SEATTLE — The car a woman says ran out of gas — leading to the disappearance Sunday of her 2-year-old son — ran just fine Friday when police took it for a test drive. No gas was added before the test and no mechanical problem was found, police said.
And late Friday a police spokesman said there’s a “real possibility” that Sky Metalwala is no longer alive as the search for the toddler stretches into its sixth day.
More suspicion is falling on his mother, Julia Biryukova, to explain about the car and other discrepancies in her story.
Since reporting her son missing she has been speaking to police through a lawyer and has not responded to requests to speak to investigators voluntarily, Bellevue police Maj. Mike Johnson said.
There’s not enough evidence to name Biryukova as a suspect, Johnson said at a news conference. “At this point, we don’t have it.”
“What we’ve tried to do is present the facts as we see them, and if that cast suspicion on Julia, it’s the facts speaking, not us,” Johnson said.
At what point does she become a suspect? he was asked.
“I don’t have the answer,” he said.
Could she face charges such as making a false report?
“It’s something we’ll look at once the dust settles on the missing person portion of the investigation,” Johnson said.
The disappearance of the boy remains a gnawing problem for more than 150 local and state police and FBI agents. Police say the mother’s story is full of holes. She says she was taking Sky to a hospital when the car stopped, so she left him alone in the unlocked car and took his 4-year-old sister to go for gas. When she returned an hour later, she says, he was gone.
Asked at a Friday afternoon news conference whether Sky could be dead, Johnson said that’s a “real possibility.”
Police have ruled nothing out — maybe he was abducted or maybe he’s lost, Johnson said. But as the days add up, with no sign of the little boy, the chances that he will be found safe are diminishing.
“Unfortunately, the reality of this is that Sky may have fallen onto some very unfortunate circumstances,” Johnson said.
Police continue to receive tips from the public — people who think they saw Sky, mothers who want to help, even psychics. Everything is being checked out of hope that the boy will be found alive.
Sky’s parents had reached a tentative agreement for visitation after a 12-hour mediation session last week. But Biryukova backed out of the agreement on Friday, two days before she reported Sky missing.
The boy’s father, Solomon Metalwala, says Biryukova suffers from severe obsessive-compulsive disorder and goes on cleaning binges in which she wouldn’t feed the children.
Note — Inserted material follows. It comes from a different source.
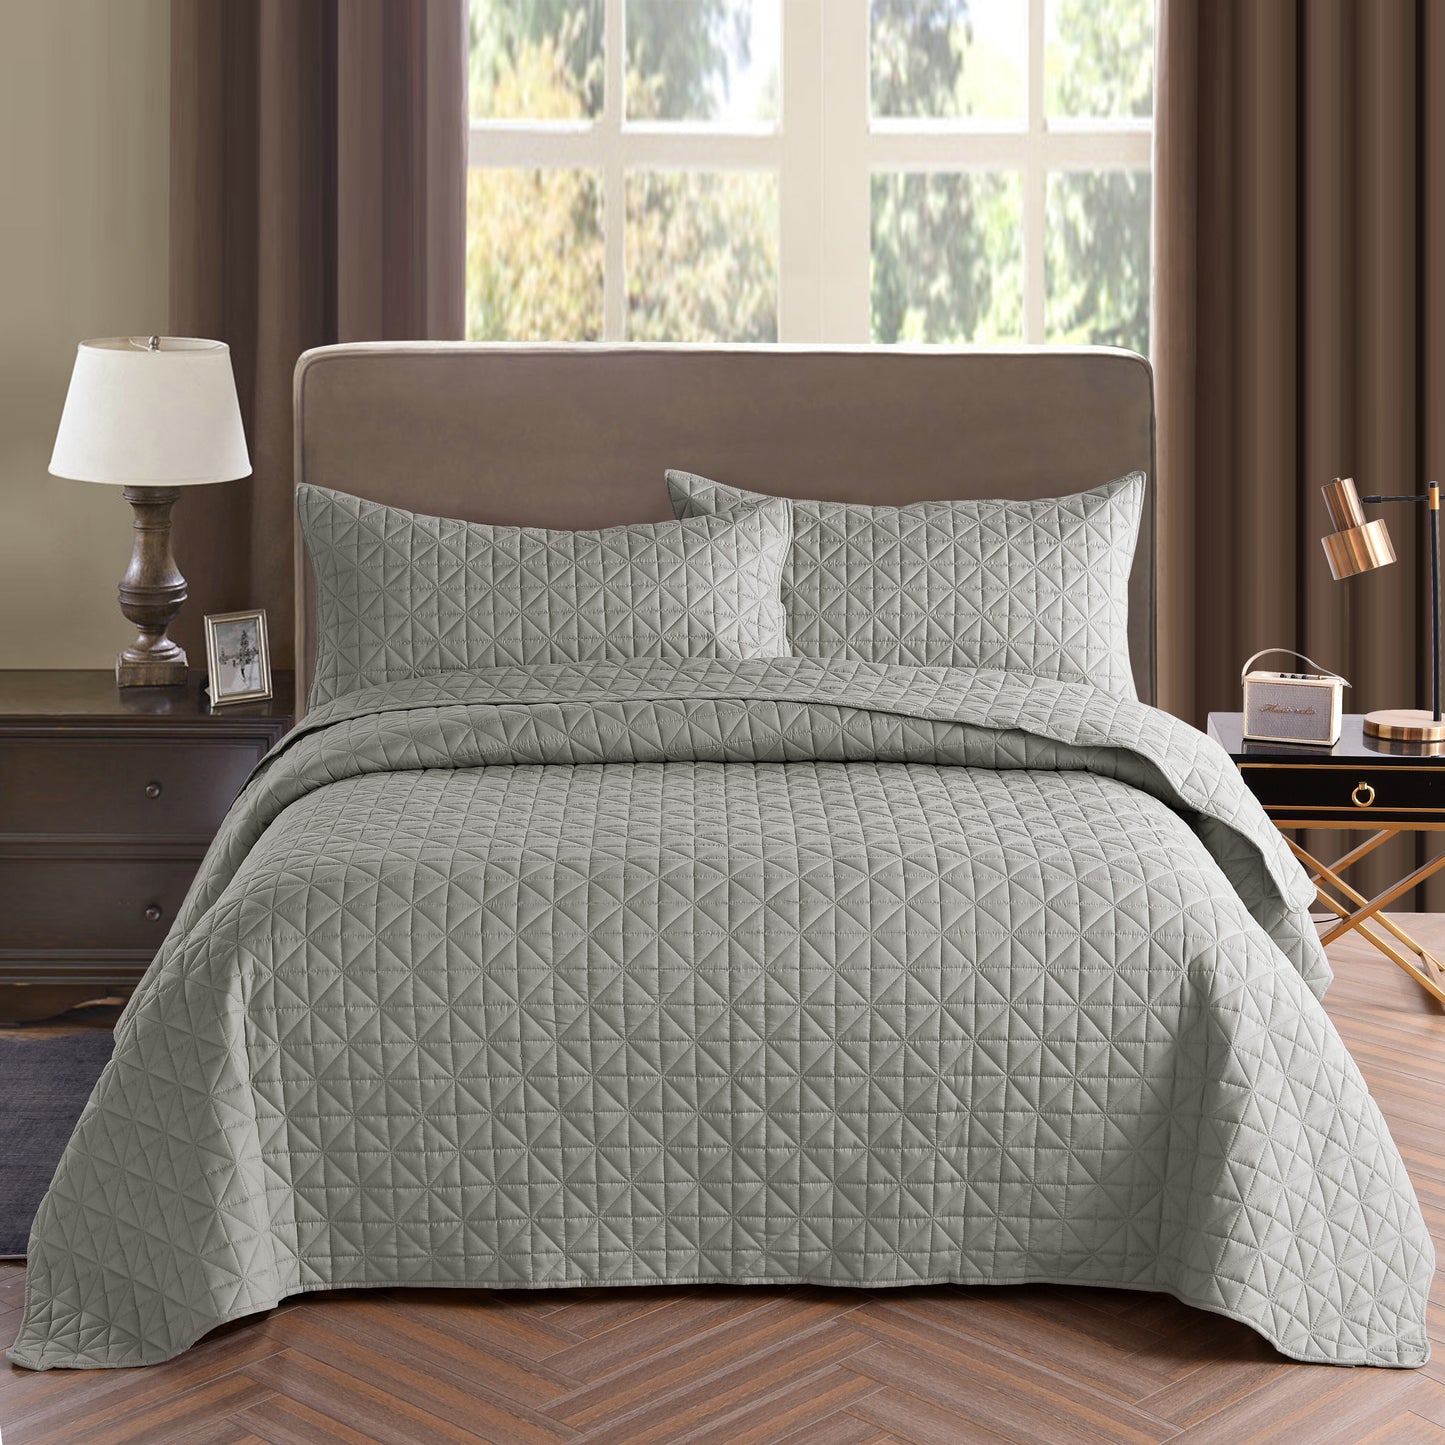 Exclusivo Mezcla 3-Piece King/Queen/Full/Twin Size Quilt Set with Pillow Shams, Grid Quilted Bedspread/Coverlet/Bed Cover -Soft, Lightweight and Reversible

But a doctor said her diagnosis didn’t interfere with her ability to care for the kids.
The 4-year-old daughter was taken into the care of state Child Protective Services after her brother was reported missing.
The family has a previous record of leaving Sky alone in a car in a store parking lot in Redmond when he was 3-months old. Court records show he was alone for nearly an hour on a 27-degree day in December 2009 before police had the car owner’s paged.
Police cited both parents for reckless endangerment. The case was dismissed early this year after the couple completed a year’s probation, community service and a 10-week parenting class.